More Than One Hundred Years Ago, 5,000 Suffragettes Paraded Down Pennsylvania Avenue
On the eve of Woodrow Wilson’s inauguration, suffragists descended upon Washington
More than one hundred years ago, as Washington, D.C. prepared for the March 4, 1913 inauguration of Woodrow Wilson, a group of women determined to march for their right to vote descended upon the city, prompting some to wonder what, exactly, they were on about.

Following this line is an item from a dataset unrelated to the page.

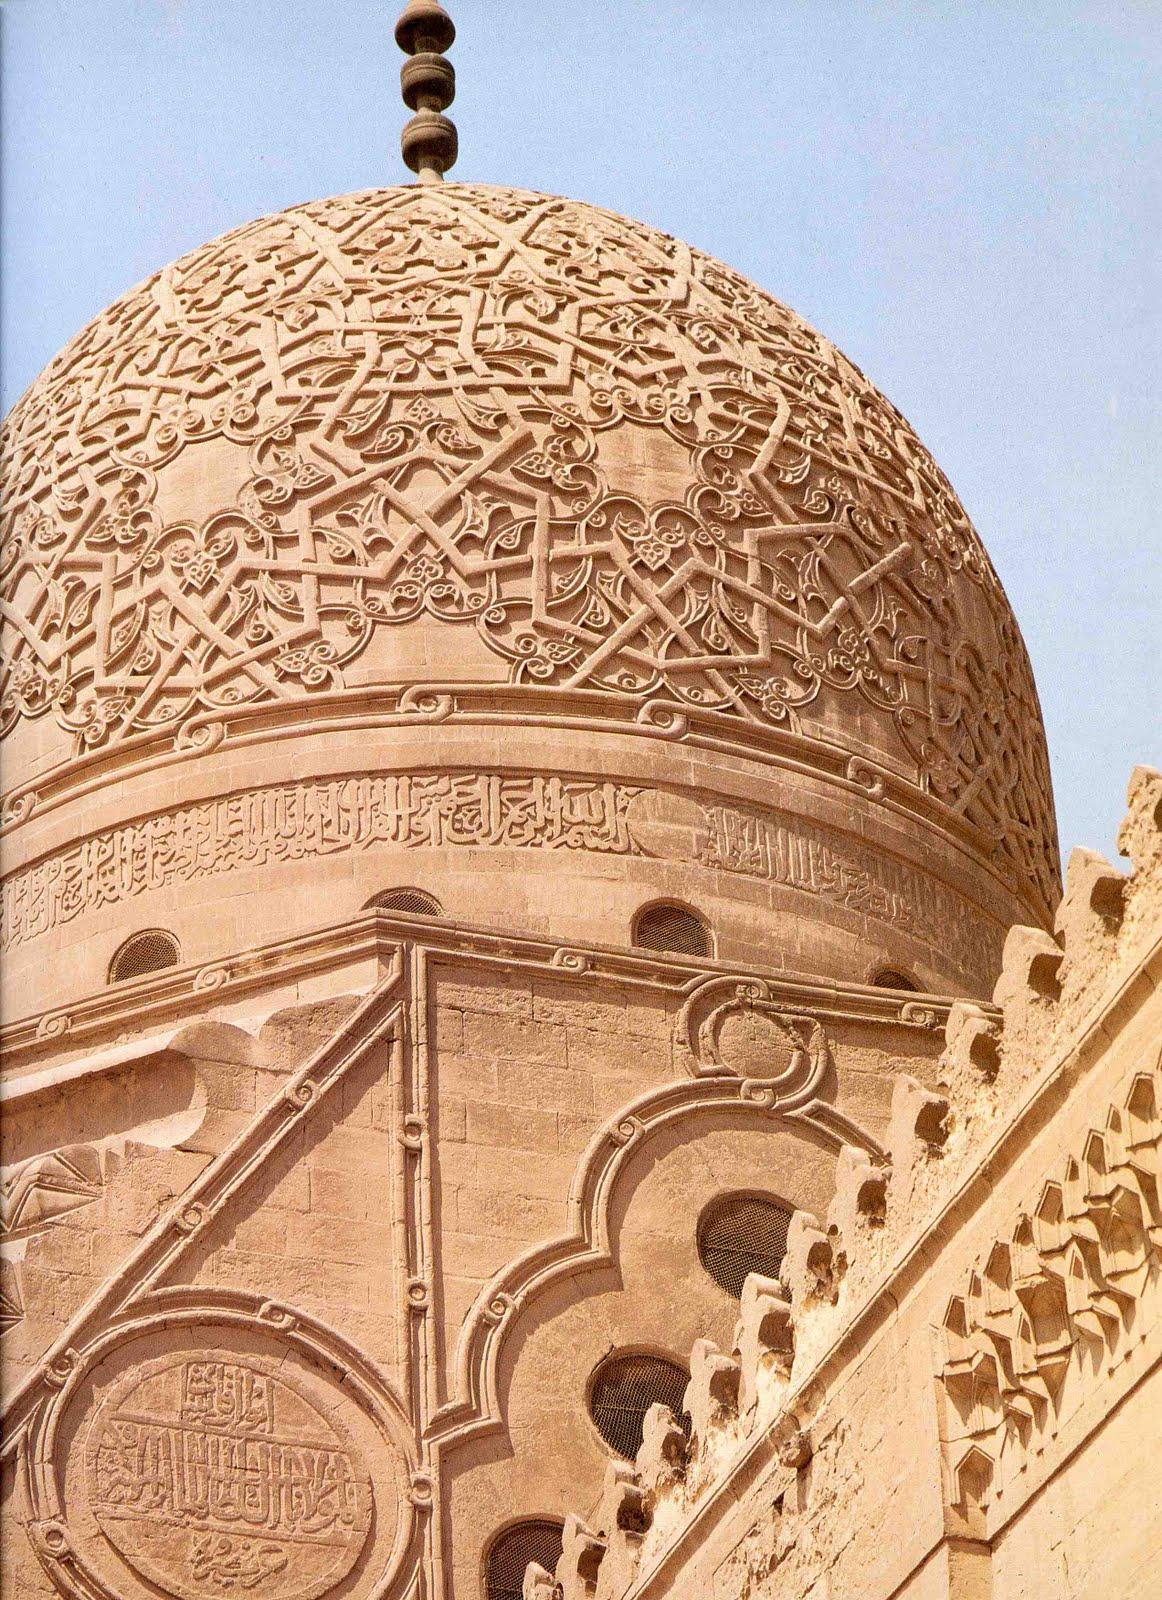 Medioevo y renacimiento arquitectura isl mica for Arquitectura islamica

Organized by leading suffrage activist Alice Paul (you might know her as the one who went on a hunger strike, only to be force-fed in the psychiatric ward of a Virgina prison), the parade and rally, staged on March 3, 1913, drew a crowd of more than 5,000 women (plus some 70 members of the National Men’s League for Women’s Suffrage, and a bunch of hecklers, and people in town for the inauguration). A breathless New York Times account of the parade published the next day set the scene:
Imagine a Broadway election night crowd, with half the shouting and all of the noise-making novelties lacking; imagine that crowd surging forward constantly, without proper police restraint, and one gains some idea of the conditions that existed along Pennsylvania Avenue from the Capitol to the Treasure Department this afternoon. Ropes stretched to keep back the crowds were broken in many places and for most of the distance the marcerhs had to walk as best they could through a narrow lane of shouting spectators. It was necessary many times to call a halt while the mounted escort and the policemen pushed the crowd back.

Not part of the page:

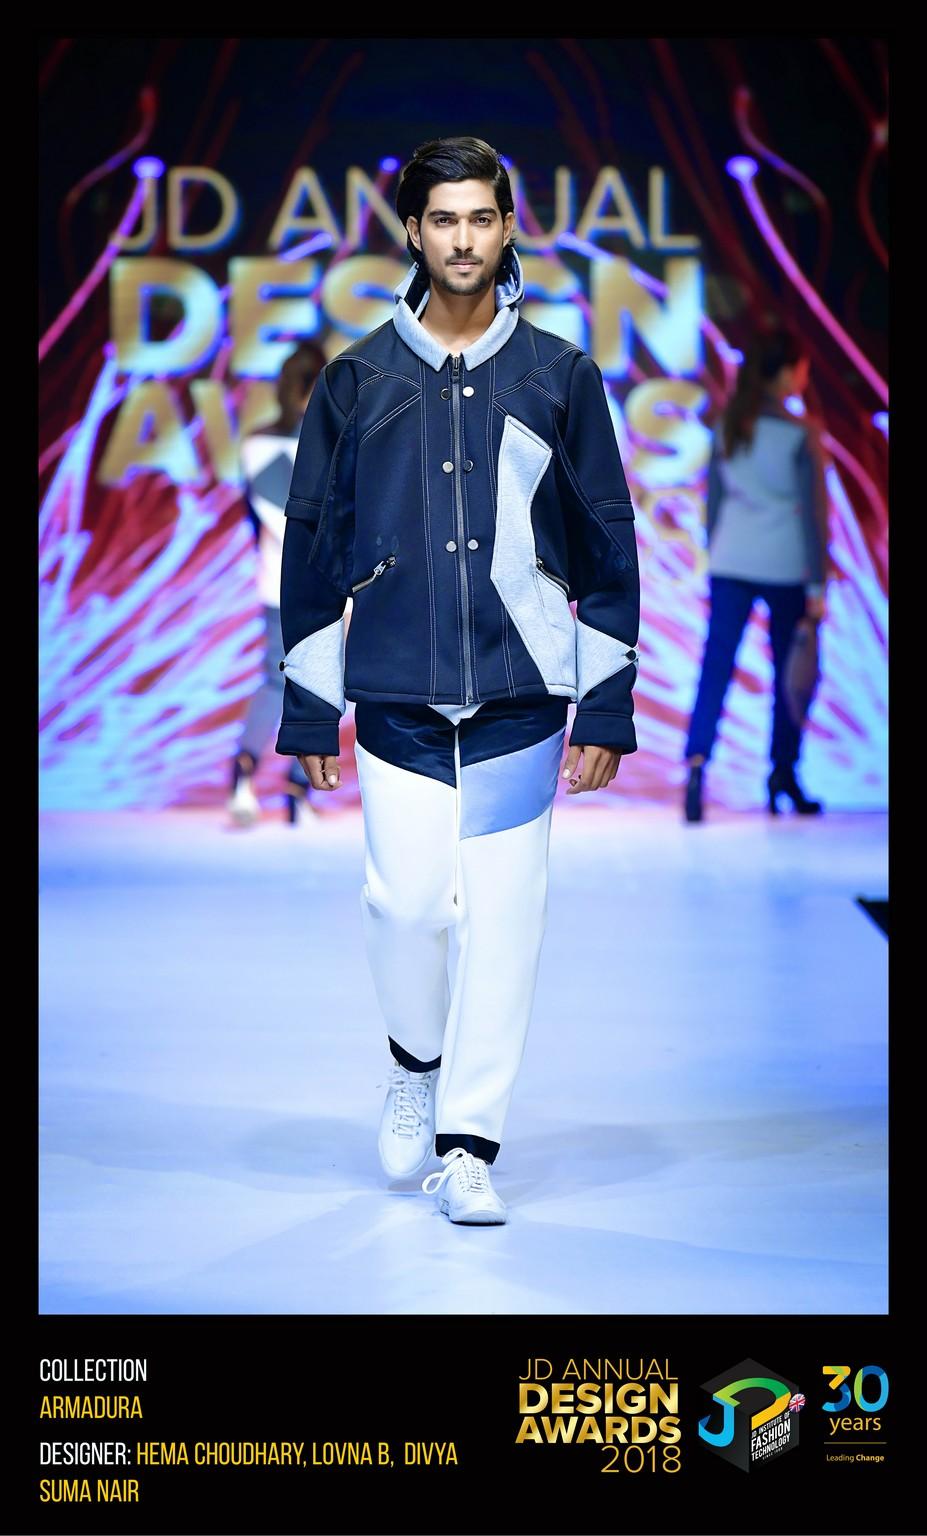 Armadura Collection – Change – JD Annual Design Awards 2018   Designer: Hema, Lovna, Divya   Photography : Jerin Nath (@jerin_nath) armadura collection - ARMADURA6 - Armadura Collection – Change – JD Annual Design Awards 2018

In the allegory presented on the Treasury steps it saw a wonderful series of dramatic pictures. In the parade over 5,000 women passed down Pennsylvania Avenue. Some were riding, more were afoot. Floats throughout the procession illustrated the progress in the woman’s suffrage cause had made in the last seventy-five years. Scattered throughout the parade were the standards of nearly every State in the Union.

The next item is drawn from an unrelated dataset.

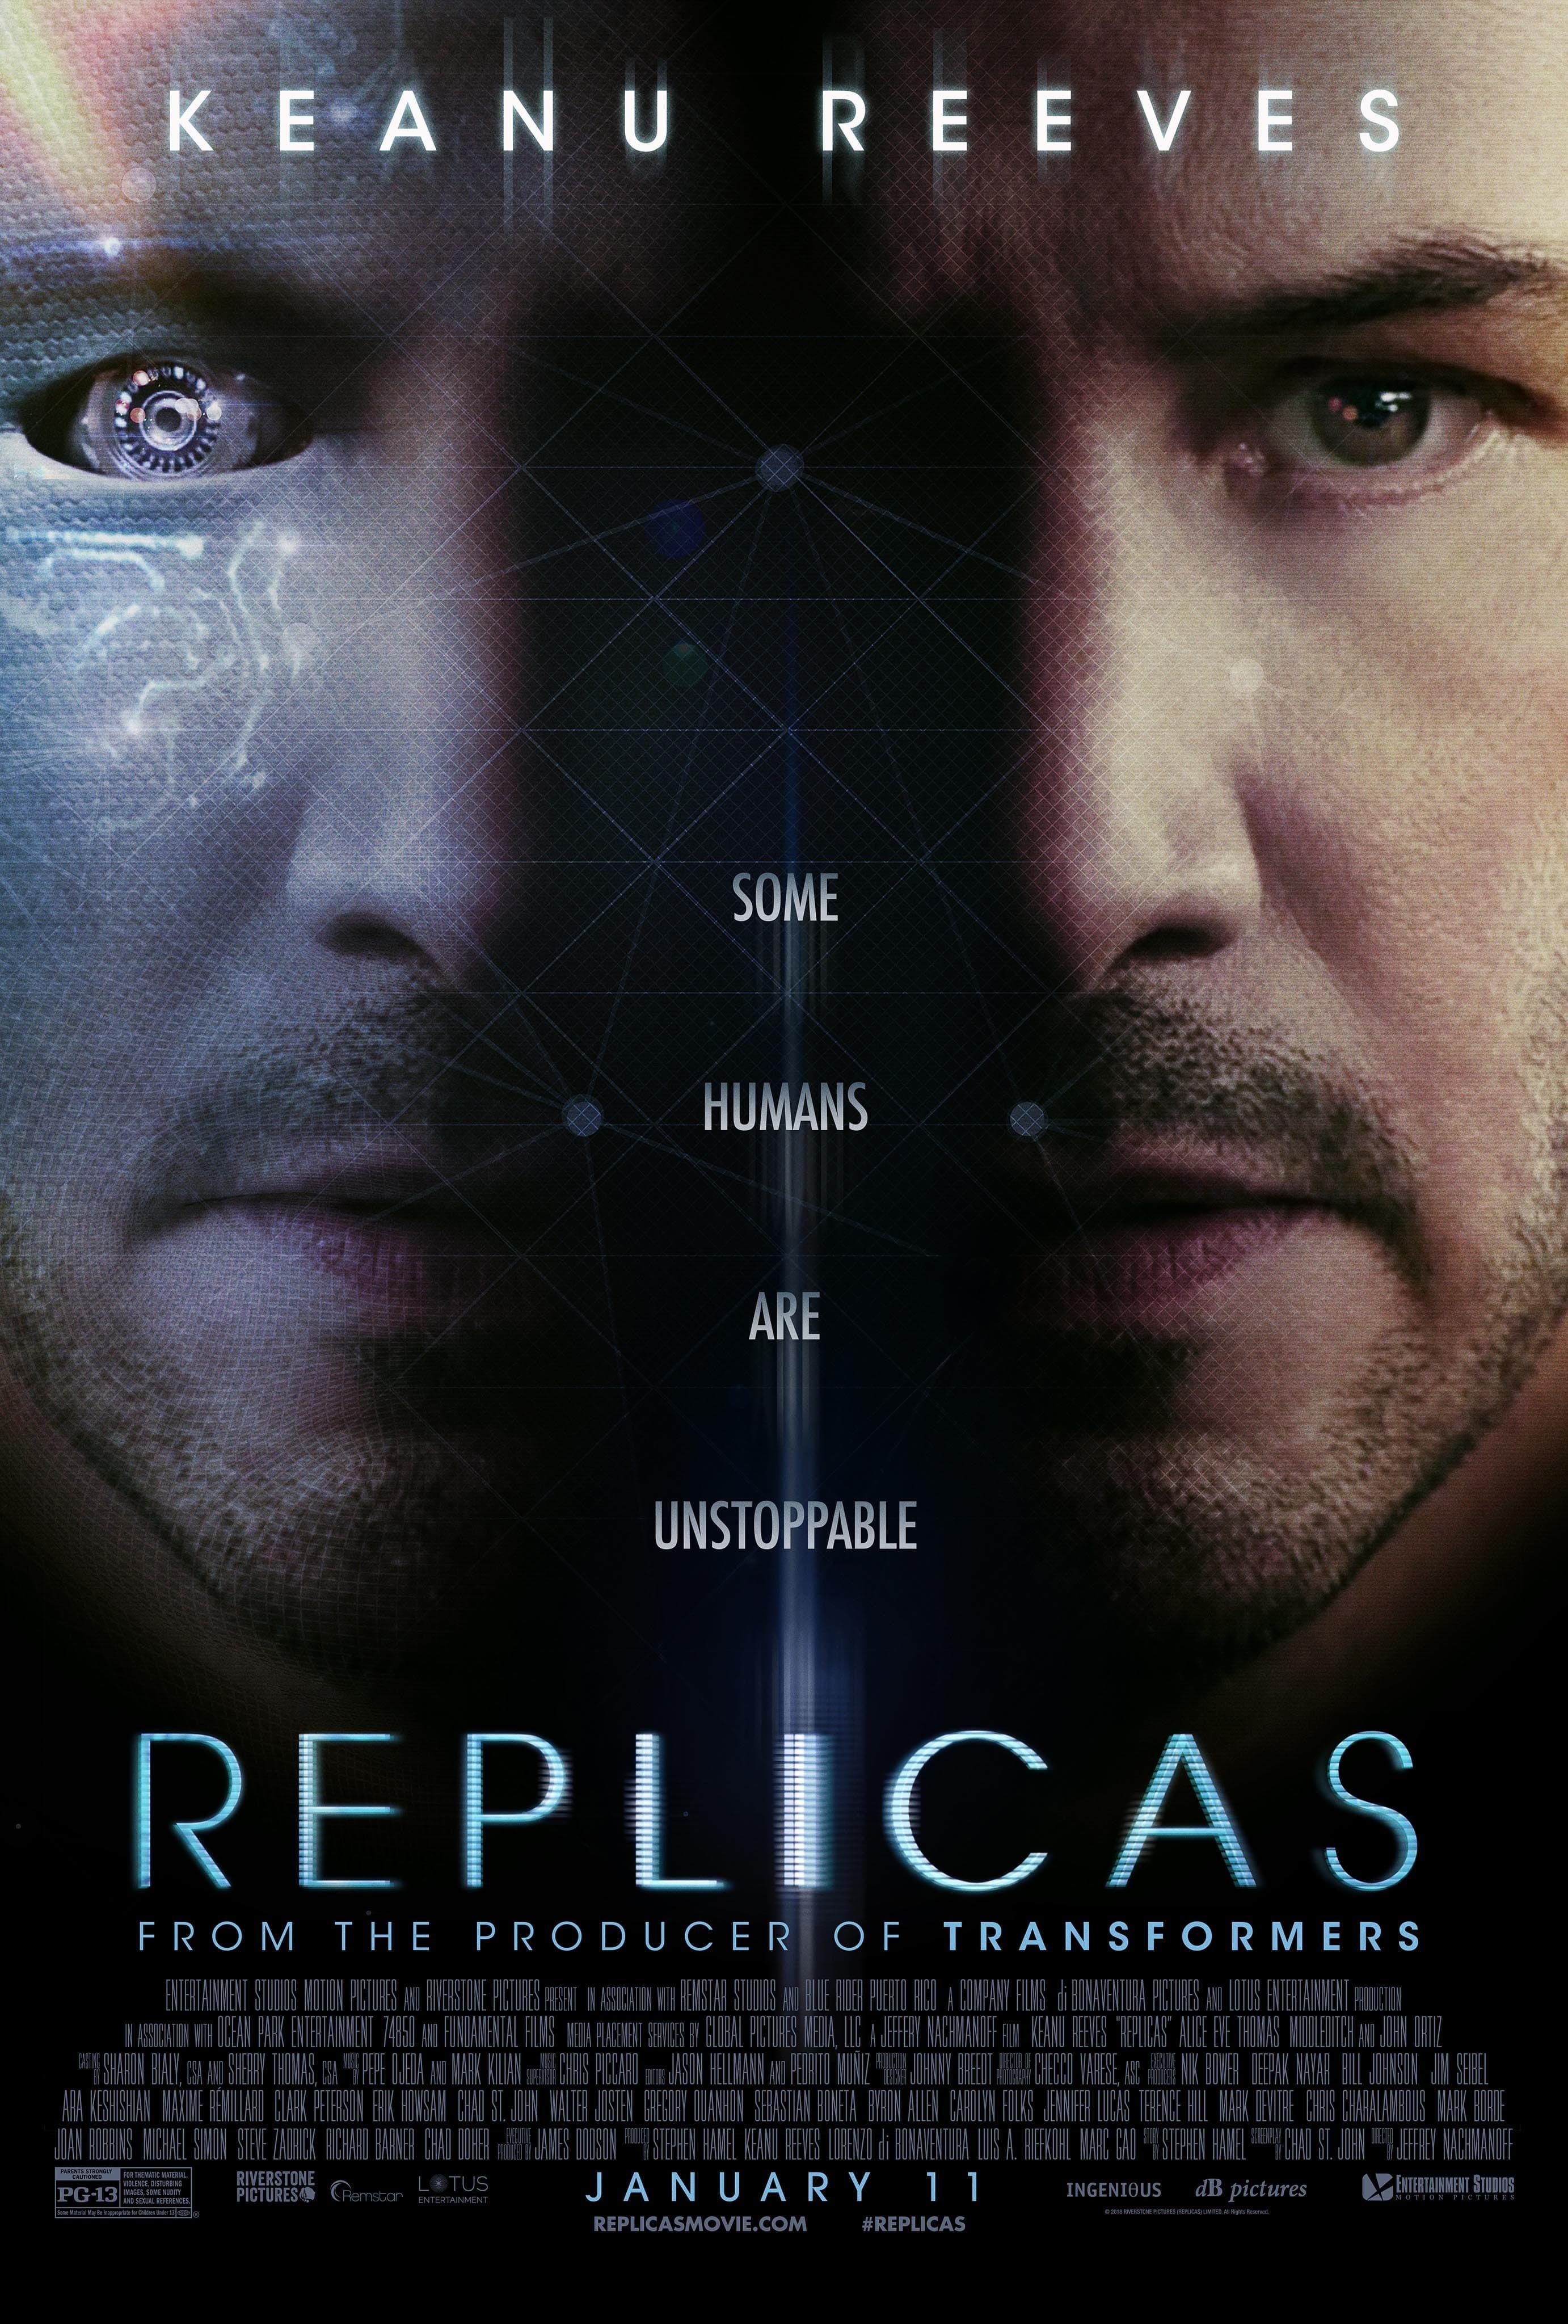 Keanu Reeves Movie Replicas From Materialism To Dehumanizing Transhumanism To Humanism Truefreethinker Com Keanu Reeves Download Filmes Filmes

Despite their numbers and enthusiasm, the ladies and their supporters were not without adversaries:
The procession, it was charged, had not gone a block before it had to halt. Crowds, the women said, had gathered about one woman and her aids, and drunken men had attempted to climb upon the floats. Insults and jibes were shouted at women marchers, and for more than an hour confusion reigned.
Still, the event was considered a success by most who attended, save one famous figure:
Miss Helen Keller, the noted deaf and blind girl, was so exhausted and unnerved by her experience in attempting to reach a grand stand, where she was to have been a guest of honor, that she was unable to speak later at Continental Hall.